Но вернулся Николин и повел ее за собой — опять по коридору, опять через двери и двери. Завел в кабинет: обшарпанный стол перед единственным окном, два старых стула с решетчатыми спинками подле стола, два у стены. И больше ничего; стены голые, окно затянуто дремучей вековой пылью. Какой-то маленький человек при их появлении поднялся из-за стола, что-то негромко сказал Николину и вышел. Николин сел на его место, поднял трубку черного допотопного телефона с пронзительным, как у сирены, гудком, что-то невнятное буркнул, дождался ответа, выждал еще отведенное время и, подмигнув Светке, тоже вышел.

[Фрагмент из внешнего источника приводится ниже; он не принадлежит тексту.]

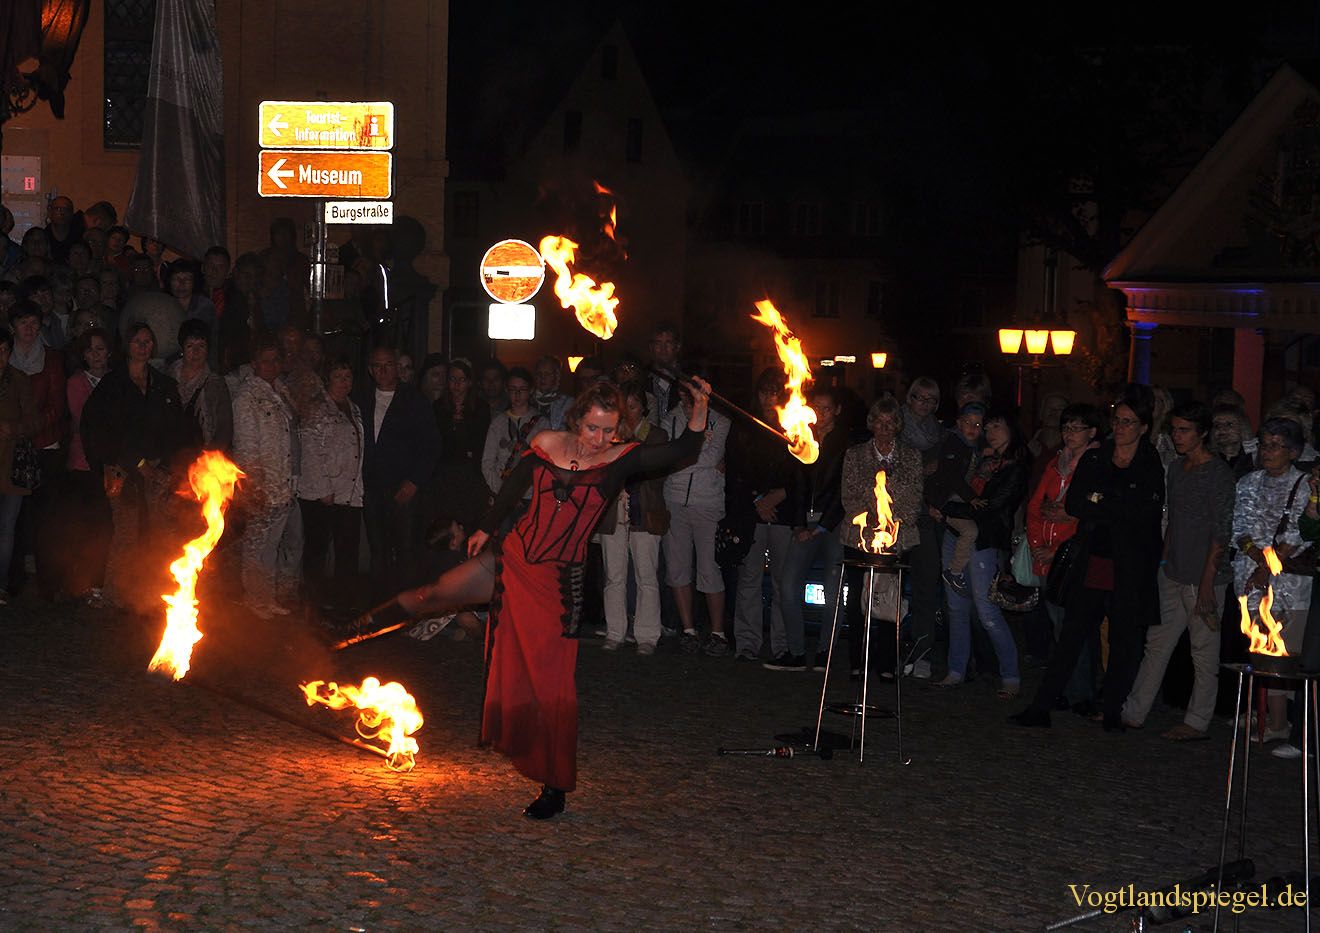 Jubiläums-Kulturnacht zieht 1200 Greizer in ihren Bann

В ту же минуту вводят мать. Человек, сопровождавший ее, от двери сурово оглядывает Светку и исчезает. Не помня себя, не способная соединить во внятную последовательность все происходившее с утра, Светка не узнает и мать, смотрит на нее с ужасом, потом со сдавленным и пронзительным вскриком бросается к матери и оседает у нее на груди.

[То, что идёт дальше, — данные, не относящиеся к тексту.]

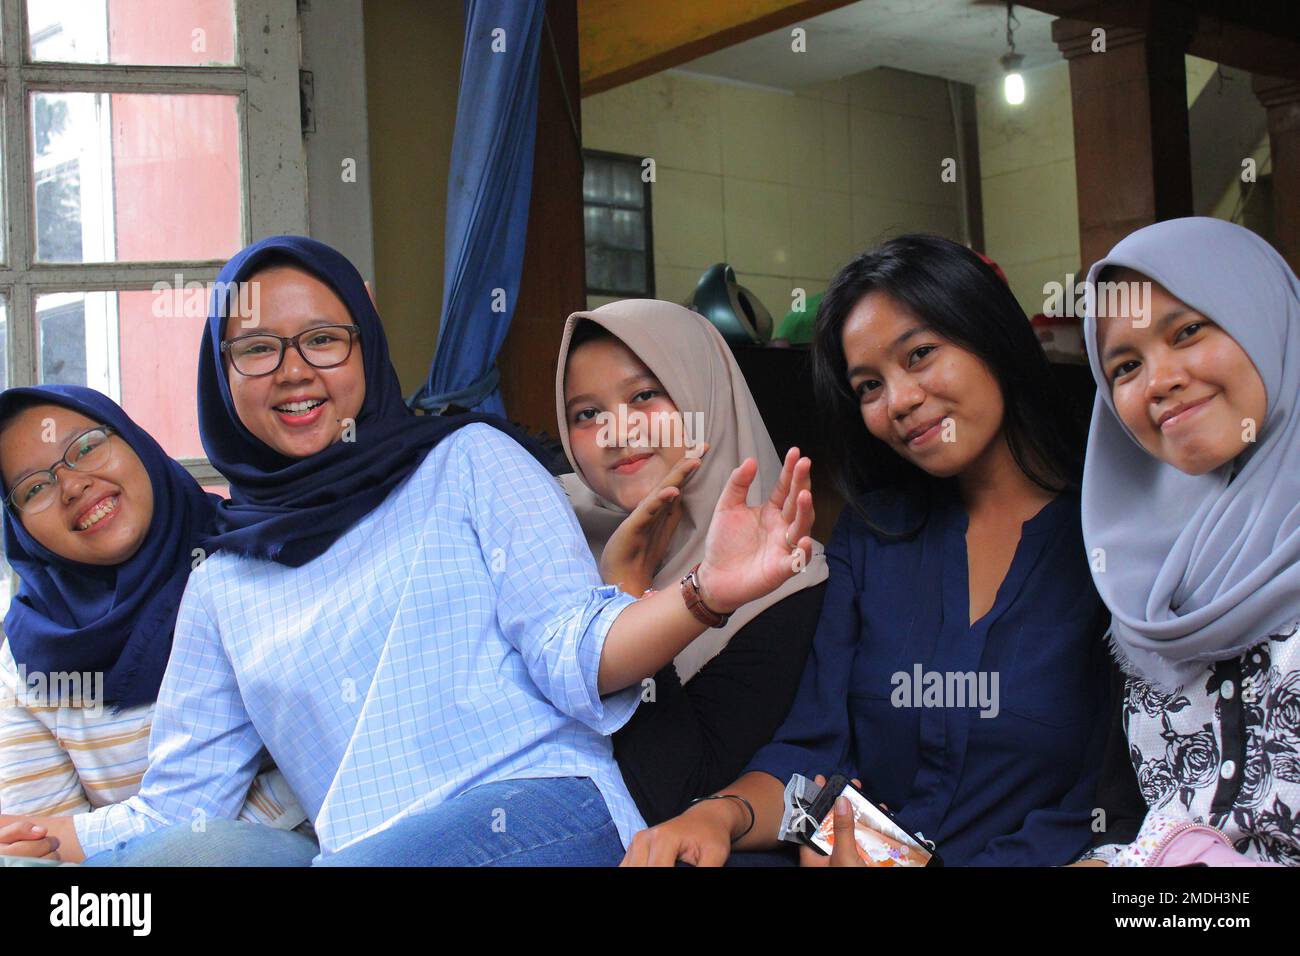 Jakarta, Indonesien - 02 24 2020: Ausdruck von Hijab-Frauen, die sich versammeln und glücklich aussehen Stockfoto

Тотчас приоткрывается дверь, и вставленное в ее проем лицо чеканно командует:

— Ти-ха! Раз-веду!

Тамара Ивановна осторожно отстраняет вцепившуюся в нее Светку и вдавливает в свои глаза слезы. Светка пытается успокоиться, но едва лишь мать берет ее руку в свою, чтобы усадить на стул возле стены, плечики ее опять принимаются подпрыгивать от сдерживаемых, клохчущих рыданий. Она умоляюще оглядывается на дверь, показывая, что сейчас этот приступ пройдет, сейчас, сейчас… как только она справится с собой. Тамара Ивановна рядом на стуле гнет голову к стене, ища опоры и твердости, и бормочет:

— Ниче, ниче… Это что же? Это ты откуда взялась?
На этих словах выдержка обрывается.